I want a TV for my bedroom and this 32" sounds perfect. I checked Walmart online and if I open an online Walmart account the cost is ZERO!   I will have to buy another Roku since I gave up expensive cable long ago and stream programs from the Internet. That's only about $40.00. I think I'll do it.


----------



## Camper6 (Aug 25, 2017)

SeaBreeze said:


> We haven't noticed any issues with the sound or picture, Camper.  Of course we're using it in a small room and don't really use a very loud volume.  My husband seems to have the TV on really loud sometimes when he's watching a movie, but the problem is when there's loud action like explosions, gunfire, panicked screaming...the volume is hard to take and can be heard in the other room.  But the minute the movie turns to people speaking in normal voices, they are barely heard.  So a certain volume is needed, I don't expect him to keep adjusting it according to the scene, I just want him to enjoy his movie.
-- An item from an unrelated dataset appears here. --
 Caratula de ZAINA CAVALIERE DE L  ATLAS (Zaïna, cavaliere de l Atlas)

Consider buying him a set of wireless headphones for his birthday.

They are fantastic.  You can view a movie without disturbing anyone.

The new ones make it easy.  The old one I have has a cord to the earphones that I run under the rug.
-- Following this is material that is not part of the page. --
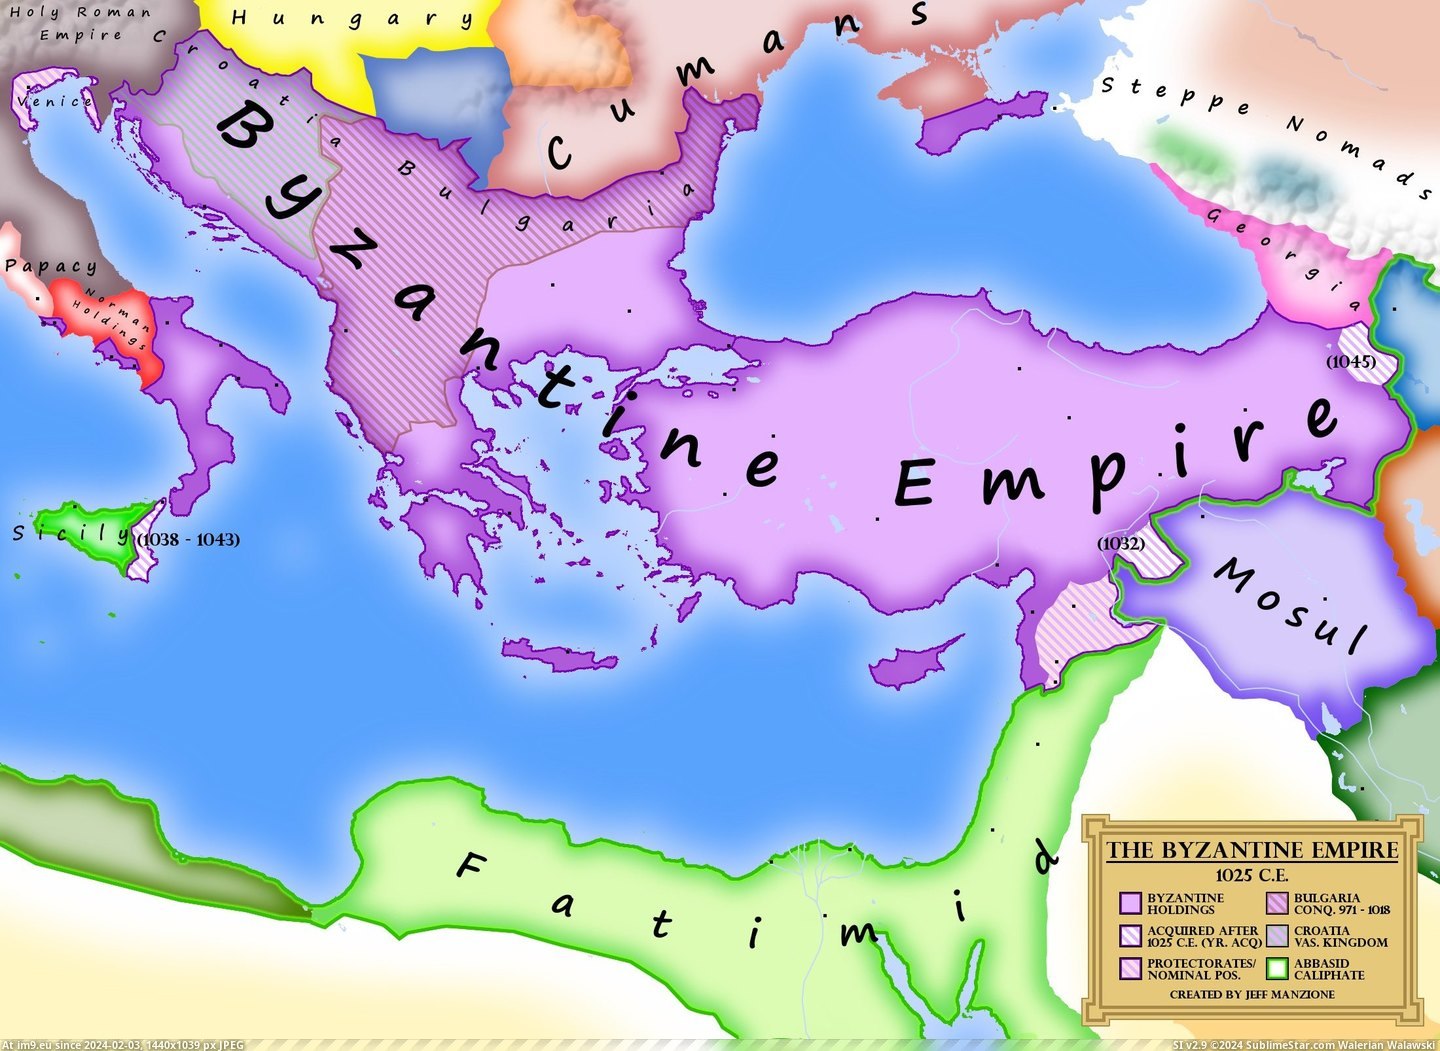 #Empire  #Byzantine [Mapporn] Byzantine Empire at 1025 A.D. made by me [2200x1600] Pic. (Bild von album My r/MAPS favs))

I just love it because I am hard of hearing in the first place.  Because they shut out external sounds even listening to music sounds better. And they are in stereo.


----------



## DaveA (Aug 25, 2017)

Camper6 said:


> Consider buying him a set of wireless headphones for his birthday.
> 
> They are fantastic.  You can view a movie without disturbing anyone.
> 
> ...



We've got a set of those, Camper, and they're great.  I'm also a bit hard of hearing and they do a great job of helping with that.  Also, if my wife is chatting with one of our daughters or grandkids and I'm watching the ball game, you can slip on the headphones and shut off the TV volume.  Even better in the bedroom if one of you wants to drop off to sleep.  Kind of tough to do when the TV is audible.


----------



## RadishRose (Aug 25, 2017)

Walmart was out of stock on that 0 dollar TV!


----------



## Ruth n Jersey (Aug 25, 2017)

Great that you found what you wanted SeaBreeze. Finding items without bells and whistles is next to impossible. I can't even find a plain old mop without batteries and refills.


----------



## SeaBreeze (Aug 25, 2017)

RadishRose said:


> Walmart was out of stock on that 0 dollar TV!



I didn't think Walmart had that Toshiba.  They did have a Samsung 32" for $258., but it was a "smart" TV.


----------